Hemophagocytic lymphohistiocytosis (HLH) is a hyperinflammatory syndrome that develops as a primary (familial/hereditary) or secondary (non-familial/hereditary) disease characterized in the majority of the cases by hereditary or acquired impaired cytotoxic T-cell (CTL) and natural killer responses. The molecular mechanisms underlying impaired immune homeostasis have been clarified, particularly for primary diseases. Familial HLH (familial hemophagocytic lymphohistiocytosis type 2-5, Chediak-Higashi syndrome, Griscelli syndrome type 2, Hermansky-Pudlak syndrome type 2) develops due to a defect in lytic granule exocytosis, impairment of (signaling lymphocytic activation molecule)-associated protein, which plays a key role in CTL activity [e.g., X-linked lymphoproliferative syndrome (XLP) 1], or impairment of X-linked inhibitor of apoptosis, a potent regulator of lymphocyte homeostasis (e.g., XLP2). The development of primary HLH is often triggered by infections, but not in all. Secondary HLH develops in association with infection, autoimmune diseases/rheumatological conditions and malignancy. The molecular mechanisms involved in secondary HLH cases remain unknown and the pathophysiology is not the same as primary HLH. For either primary or secondary HLH cases, immunosuppressive therapy should be given to control the hypercytokinemia with steroids, cyclosporine A, or intravenous immune globulin, and if primary HLH is diagnosed, immunochemotherapy with a regimen containing etoposide or anti-thymocyte globulin should be started. Thereafter, allogeneic hematopoietic stem-cell transplantation is recommended for primary HLH or secondary refractory disease (especially EBV-HLH).

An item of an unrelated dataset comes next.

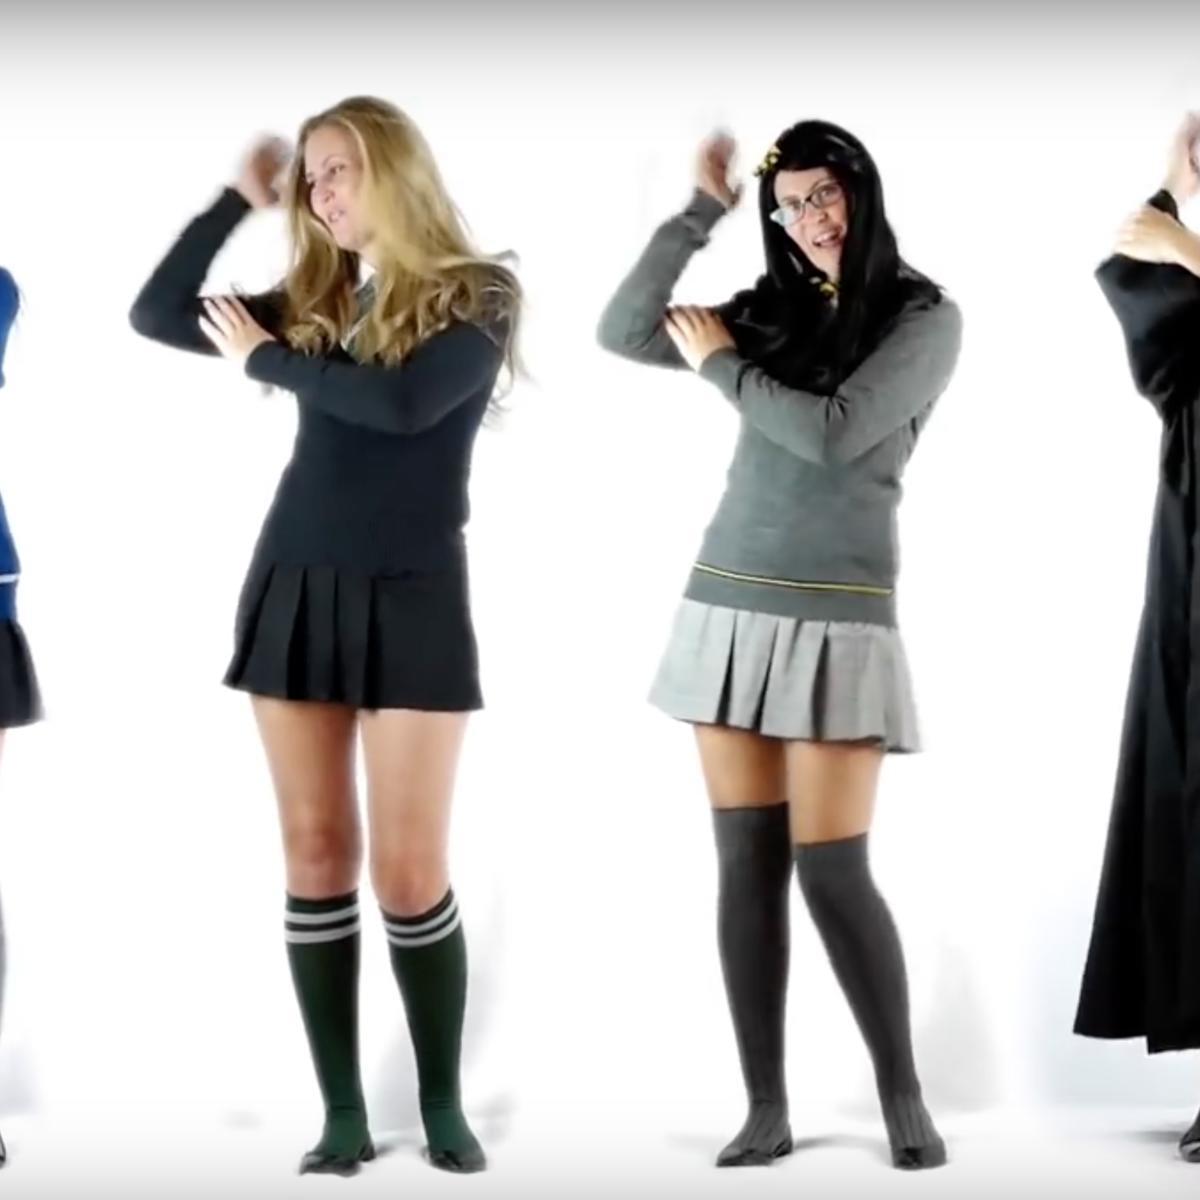 Harry Potter parody music video

Keywords: Alemtuzumab; Anti-thymocyte globulin; Cyclosporine A; Epstein-Barr virus; Etoposide; Hematopoietic stem-cell transplantation; Hemophagocytic lymphohistiocytosis; Hereditary diseases; Immunochemotherapy; Intravenous immunoglobulin; Molecular diagnosis; Rituximab; Steroids

Core tip: This review discusses the diagnostic criteria for hemophagocytic lymphohistiocytosis (HLH), the algorithms used to identify the underlying immune defects at the molecular level, and the optimal therapeutic approaches. For any HLH cases, a screening for primary HLH should be made following the diagnostic algorithm. During the process, immunosuppressive therapy should be started to control the hypercytokinemia with steroids, cyclosporine A, or intravenous immune globulin, and if primary HLH is confirmed, immunochemotherapy with a regimen containing etoposide or anti-thymocyte globulin should be given. Supportive measures to control hemorrhage/organ dysfunction are also required. In cases of primary HLH or secondary/refractory HLH, timely allogeneic hematopoietic stem cell transplantation is recommended.